No, this is not your Breakfast of Champions.

This morning I’m listening to Adam Gopnik who is being interviewed by David Remnick on the New Yorker Radio Hour.

Gopnik is a magazine writer who describes the murky, counter-intuitive cross currents sloshing through our culture. At the moment Gopnik is taking on Trump and his efforts to erase the “improper ideology” that is presented by the National Museum of African American History.

Before getting to “improper ideology” Gopnik reminds us about the foundational ideas that undergird our democracy — rule of law; free and fair elections and “pluralism.”

Pluralism is the concept that we, here in the United States, can entertain multiple ideas, tastes and beliefs even when they are discordant.

Gopnik says there is a dissonance between the music of Metallica and that of, let us say, Aaron Copeland. There is a difference between the art of Norman Rockwell and that of Marc Rothko. There is a divide between those who love a mayonnaise and mustard slathered chili-cheeseburger and those who prefer a slow-roasted, thinly-sliced pork belly chased by an Italian Pinot Noir.

Importantly, there are those who believe in capitalism — that making as much money as one can accumulate in, say, 60 or 70 years is an entirely meaningful, life-time pursuit. And others who believe this is a wasted life.

Gopnik reminds us that Joseph Stalin, after hearing a concerto composed by Shostakovich, decided this man’s music should be banned in the Soviet Union. Gopnik argues that Stalin’s decision about Shostakovich was as wrong-headed as, say, Trump deciding that there is too much floor space dedicated to the evils of slavery at the National Museum for African American History.

Gopnik says the curators at the Smithsonian are entitled to interpret history according to their research — and to present that point of view using eye-popping dioramas as well as brass slave badges and iron ankle shackles.

He says that visitors can agree, or stay away — Trump saying this emphasis on our sordid relationship with human bondage is blasphemy.

I, myself, have tried to find middle ground on this particular topic saying that “I grew up Southern thinking that the shoeless, rag-tag farm boys who fought in the trenches around Petersburg did not think much about slavery.”

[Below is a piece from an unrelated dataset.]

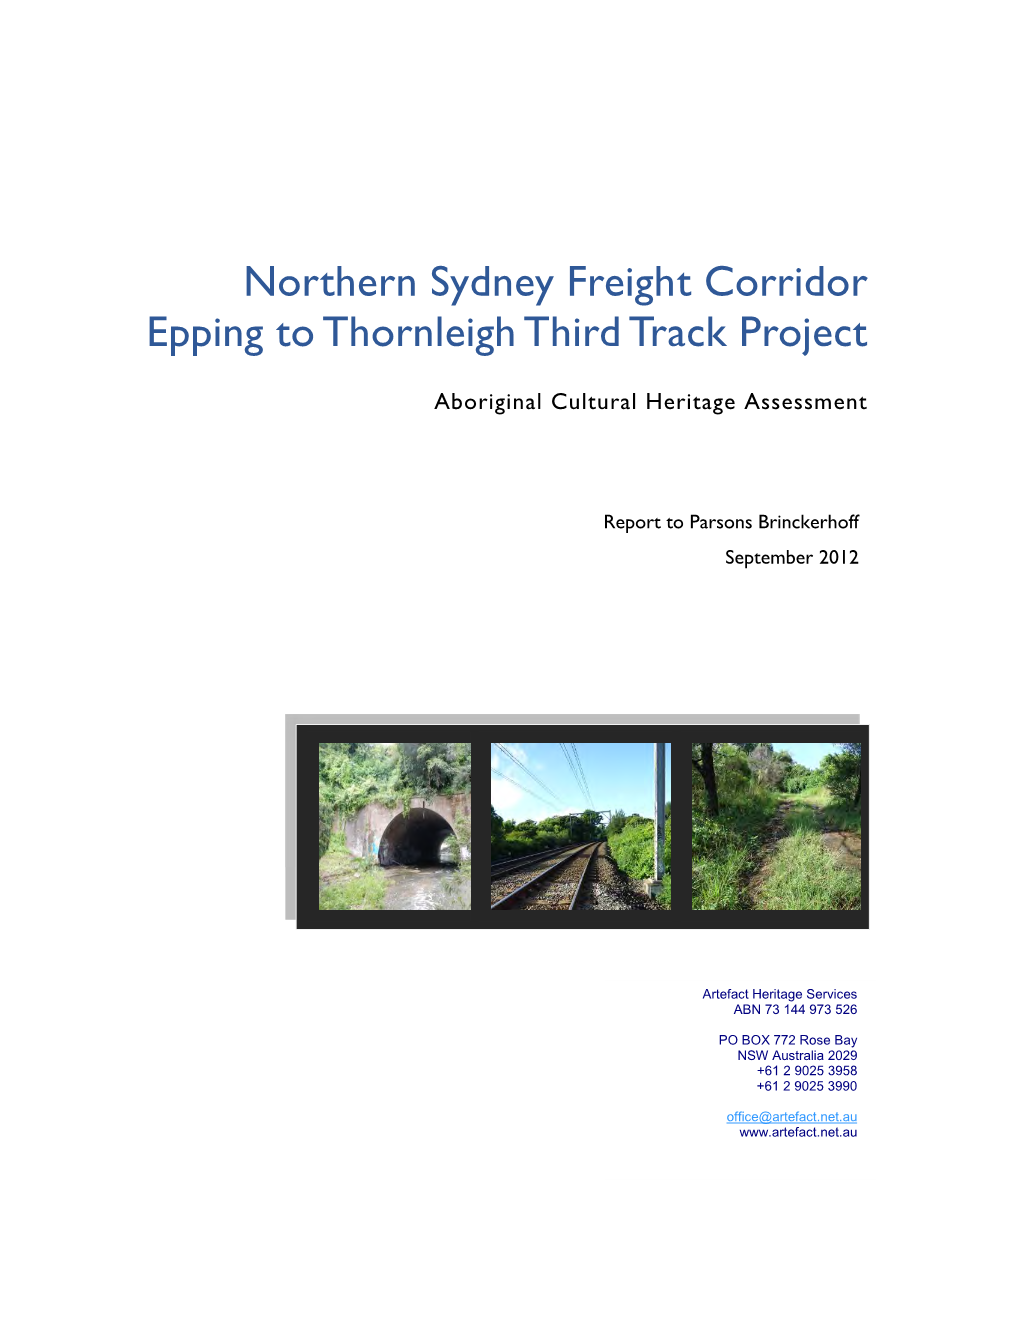 Northern Sydney Freight Corridor Epping to Thornleigh Third Track Project

I reasoned that these Duplin and Martin County teenagers knew that Georgia had been invaded — that Kilpatrick’s calvary was burning every building, barn and farmstead — and that their farms and their families were next.

Furthermore, these were not people who took An Introduction to Anthropology at Chapel Hill, or who had subscriptions to Scientific American or Lancet. These folks raised their collards, cured their hams, and when they contemplated slavery, bought, no doubt, into a convenient theory that slavery had a Biblical justification.

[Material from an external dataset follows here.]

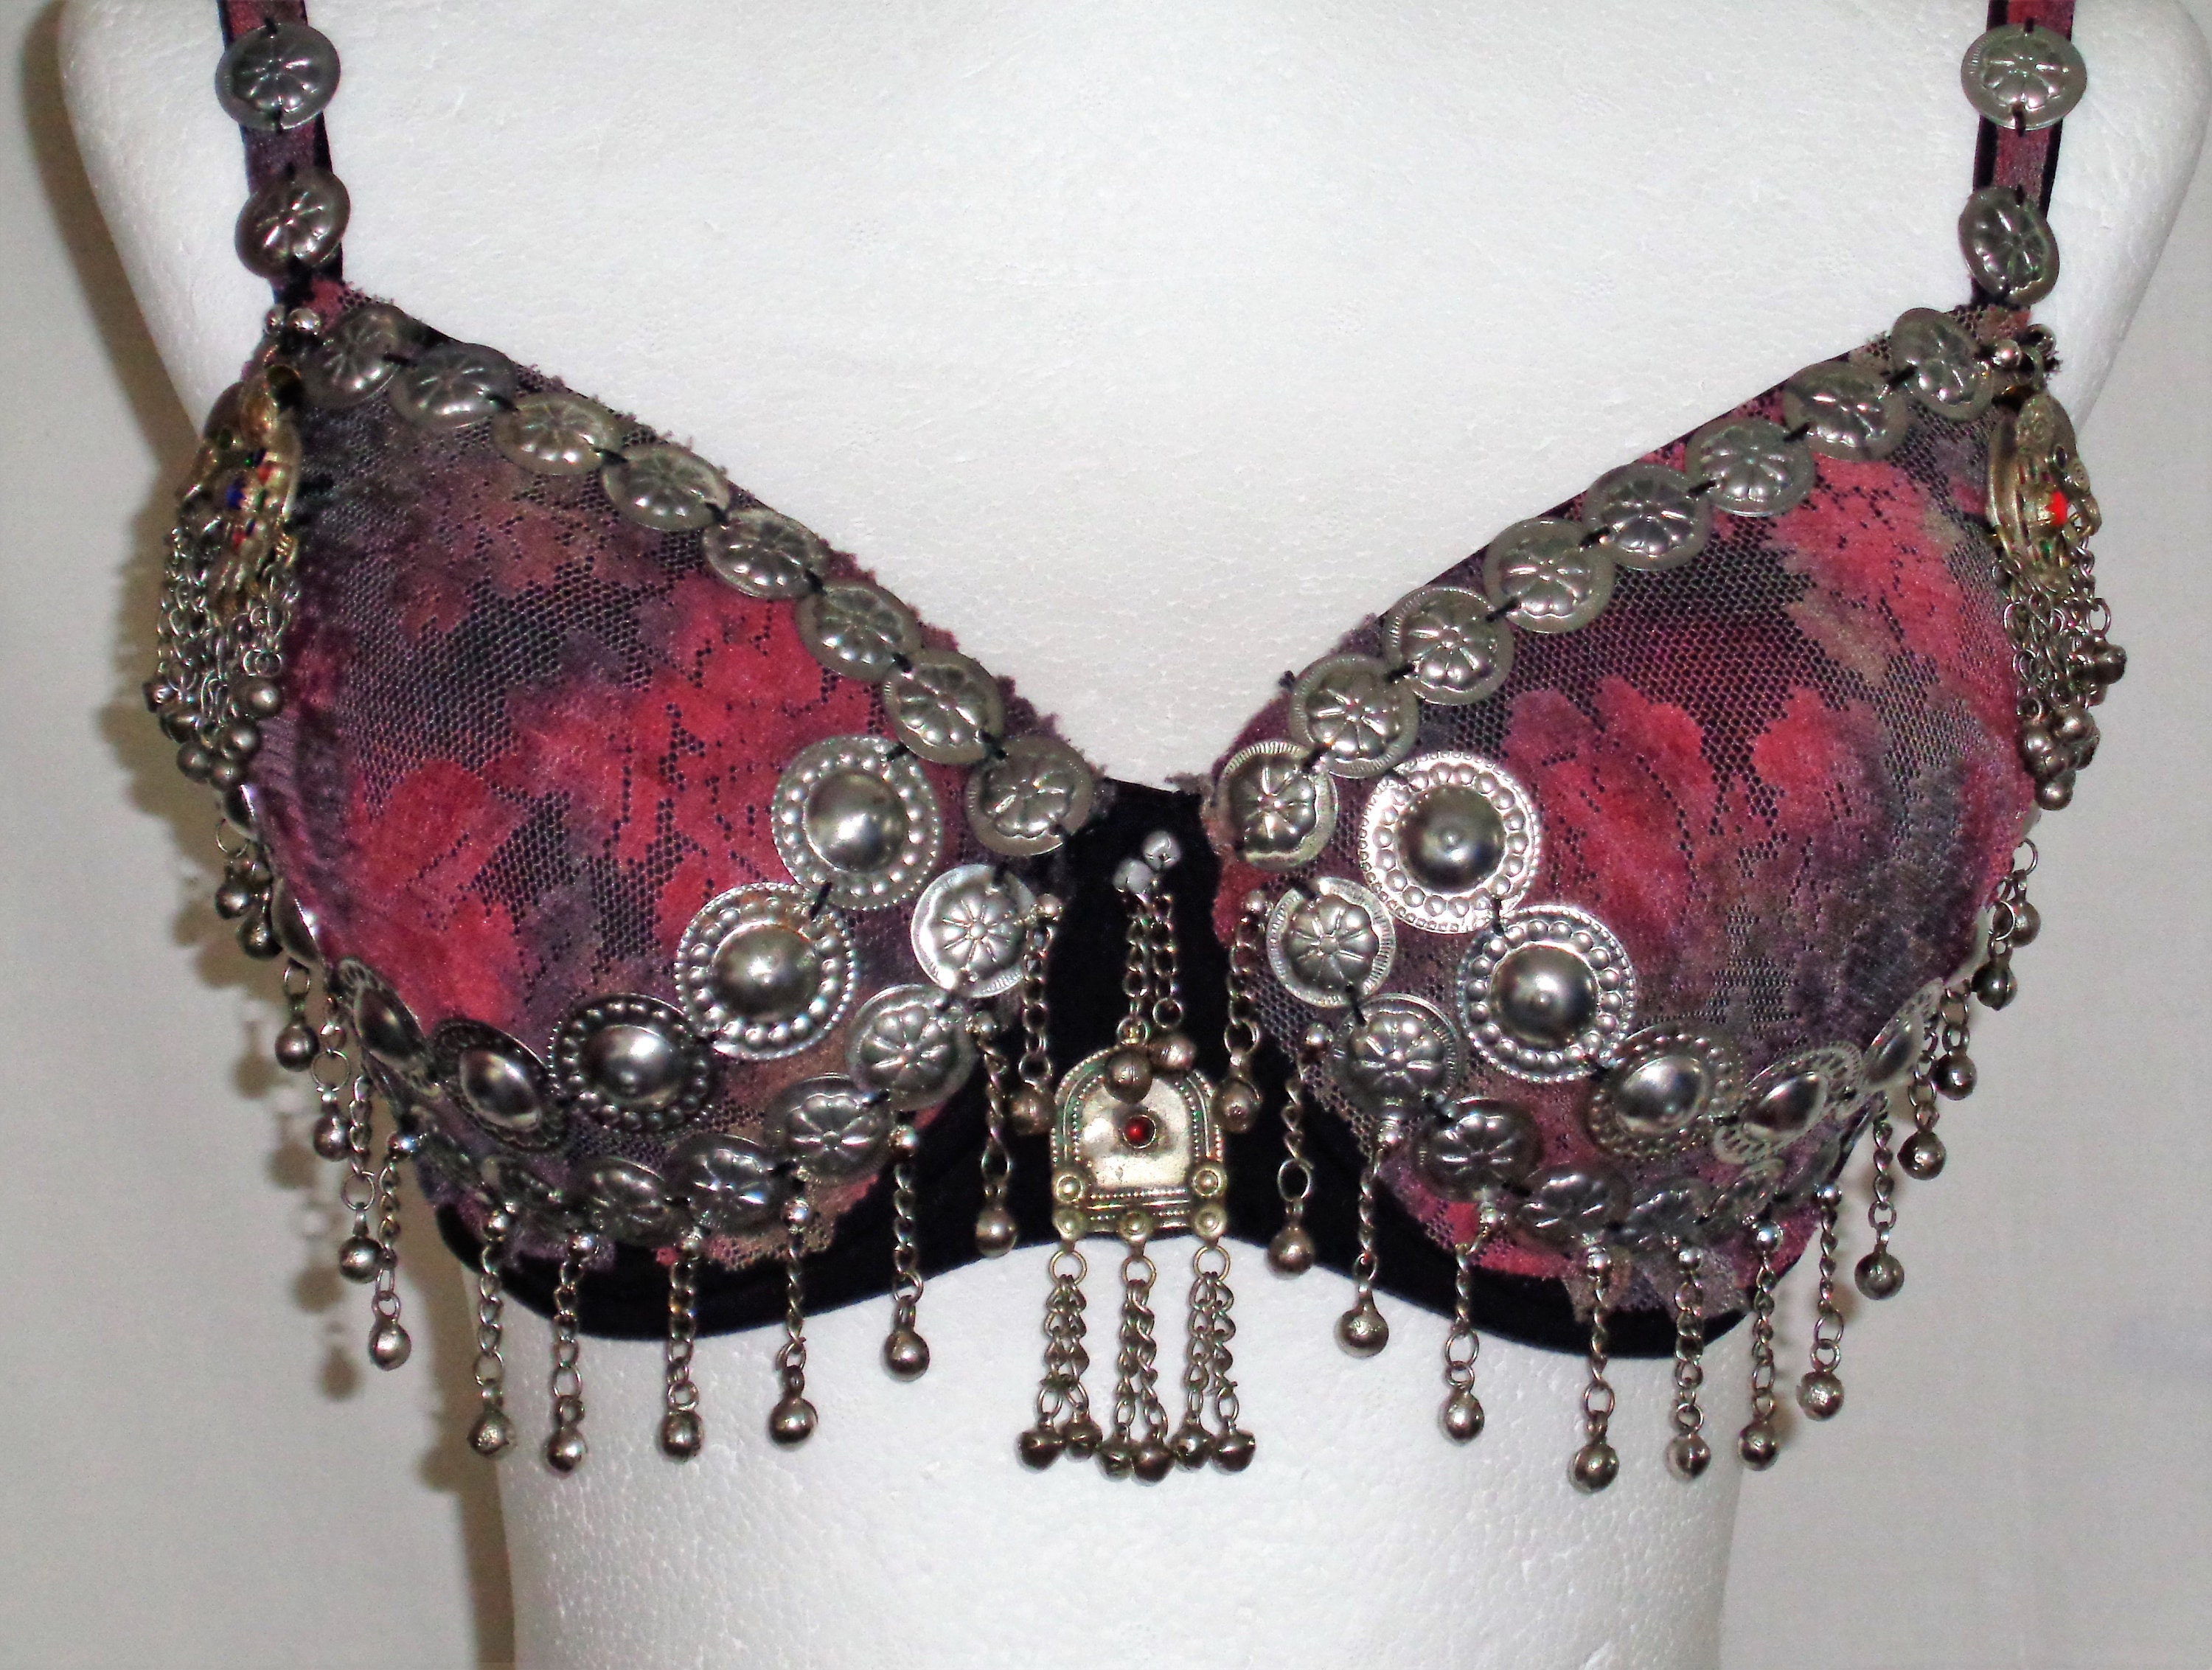 Tribal Fusion Bra, US Size 32 AA, Pink Tribal Fusion Bra With Bellychain  and Tribal Coins and Kuchi Buttons, Handmade,ooak -  New Zealand

But one rarely hears that narrative these days.

In the last 15 years (or so) there have been at least three new museums focused on slavery — and many existing museums have refocused their exhibits around the horror, and the misery, and long term consequences of human bondage.

NPR has, recently, put a racial spin on much of the its programming. Whether it’s whole hog barbecue, gerrymandered districts or pollution from chicken farms there is usually a race-based vibe that gives meaning and substance to the term “virtue signaling.” And, of course, this gives Donald Trump yet another shiny object to wave in front of his agitated acolytes.

There doesn’t seem to be much research on the effect of this “virtue signaling” or “ancestor shaming” in the 2024 election. The two southern battleground states, Georgia and North Carolina, went for Trump. But generally speaking the primary, alleged defect (on the Left) was the tepid turn-out of Black men in Atlanta and Charlotte. Other Democrats say this election was actually a repudiation of Obama; or have another simple, single-sentence reason for the rejection of Kamala Harris.

But I think the reasons for Trump’s success were complex; had a lot to do with his huge digital delivery each and every day. But in the end he successfully mined heretofore hidden veins of resentment and anger that won him a second term in the Oval Office.